In this post, we will go over three techniques used to find optimal hyperparameters with examples on how to implement them on models in Scikit-Learn and then finally a neural network in Keras. The three techniques we will discuss are as follows:

Grid Search
Randomized Search
Bayesian Optimization

You can view the jupyter notebook here.

Grid Search

One option would be to fiddle around with the hyperparameters manually, until you find a great combination of hyperparameter values that optimize your performance metric. This would be very tedious work, and you may not have time to explore many combinations.
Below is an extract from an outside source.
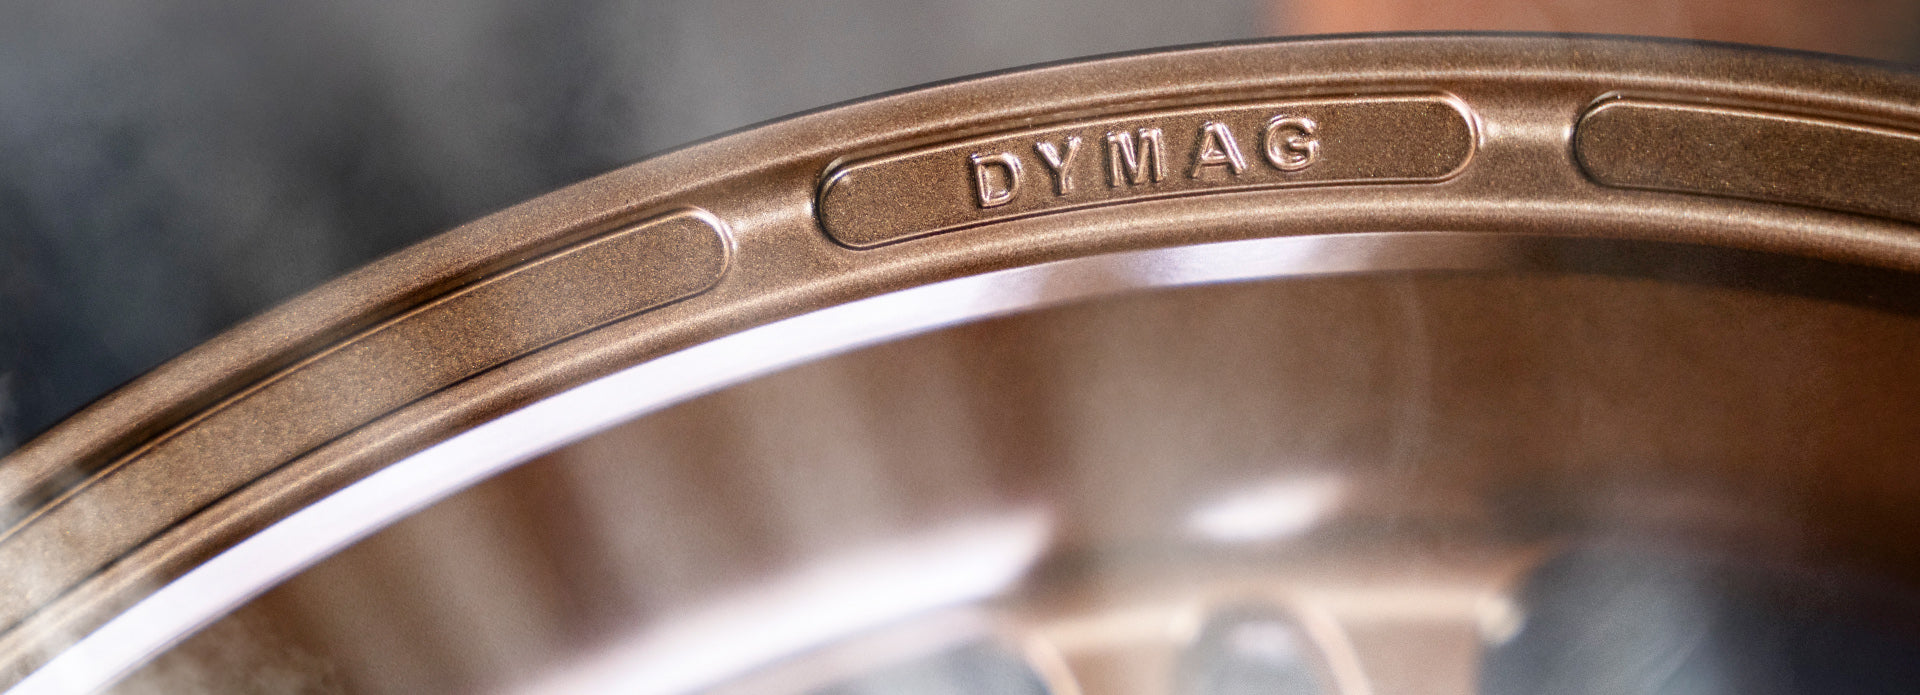 Extreme close-up of the rim of a bronze Dymag racing wheel, showcasing the embossed 'DYMAG' logo and detailed texture of the metal surface, with a blurred dark background enhancing the focus on the wheel's craftsmanship.

Instead, you should get Scikit-Learn’s GridSearchCV to do it for you. All you have to do is tell it which hyperparameters you want to experiment with and what values to try out, and it will use cross-validation to evaluate all the possible combinations of hyperparameter values.

Let’s work through an example where we use GridSearchCV to search for the best combination of hyperparameter values for a RandomForestClassifier trained using the popular MNIST dataset.

To give you a feel for the complexity of the classification task, the figure below shows a few images from the MNIST dataset:

Image for post

To implement GridSearchCV we need to define a few things. First being the hyperparameters we want to experiment with and the values we want to try out. Below we specify this in a dictionary called param_grid.

from sklearn.ensemble import RandomForestClassifier
	from sklearn.model_selection import GridSearchCV

	param_grid = {'bootstrap': [True],
	     'max_depth': [6, 10],
	     'max_features': ['auto', 'sqrt'],
	     'min_samples_leaf': [3, 5],
	     'min_samples_split': [4, 6],
	     'n_estimators': [100, 350]
	    }

	forest_clf = RandomForestClassifier()

	forest_grid_search = GridSearchCV(forest_clf, param_grid, cv=5,
	                                  scoring="accuracy",
	                                  return_train_score=True,
	                                  verbose=True,
	                                  n_jobs=-1)

	forest_grid_search.fit(X_train, y_train)
view raw
gridsearchcv.py hosted with ❤ by GitHub

The param_grid tells Scikit-Learn to evaluate 1 x 2 x 2 x 2 x 2 x 2 = 32 combinations of bootstrap, max_depth, max_features, min_samples_leaf, min_samples_split and n_estimators hyperparameters specified. The grid search will explore 32 combinations of RandomForestClassifier’s hyperparameter values, and it will train each model 5 times (since we are using five-fold cross-validation). In other words, all in all, there will be 32 x 5 = 160 rounds of training! It may take a long time, but when it is done you can get the best combination of hyperparameters like this:

forest_grid_search.best_params_

{‘bootstrap’: True,
‘max_depth’: 10,
‘max_features’: ‘auto’,
‘min_samples_leaf’: 3,
‘min_samples_split’: 4,
‘n_estimators’: 350}
view raw
gridsearch.best_params_. hosted with ❤ by GitHub


Since n_estimators=350 and max_depth=10 are the maximum values that were evaluated, you should probably try searching again with higher values; the score may continue to improve.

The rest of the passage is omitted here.